The DataFrame.plot attribute serves both as a callable method and a namespace, providing access to various plotting functions via the PySparkPlotAccessor. Users can call specific plotting methods in the format DataFrame.plot.<kind>.

`PySparkPlotAccessor.area`(x, y, **kwargs)	Draw a stacked area plot.
`PySparkPlotAccessor.bar`(x, y, **kwargs)	Vertical bar plot.
`PySparkPlotAccessor.barh`(x, y, **kwargs)	Make a horizontal bar plot.

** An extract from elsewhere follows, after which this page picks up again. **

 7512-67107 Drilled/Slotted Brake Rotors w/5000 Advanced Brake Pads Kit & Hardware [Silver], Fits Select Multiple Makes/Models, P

`PySparkPlotAccessor.line`(x, y, **kwargs)	Plot DataFrame as lines.
`PySparkPlotAccessor.pie`(x, y, **kwargs)	Generate a pie plot.
`PySparkPlotAccessor.scatter`(x, y, **kwargs)	Create a scatter plot with varying marker point size and color.
`PySparkPlotAccessor.box`([column])	Make a box plot of the DataFrame columns.
`PySparkPlotAccessor.kde`(bw_method[, column, ind])	Generate Kernel Density Estimate plot using Gaussian kernels.
`PySparkPlotAccessor.hist`([column, bins])	Draw one histogram of the DataFrame's columns.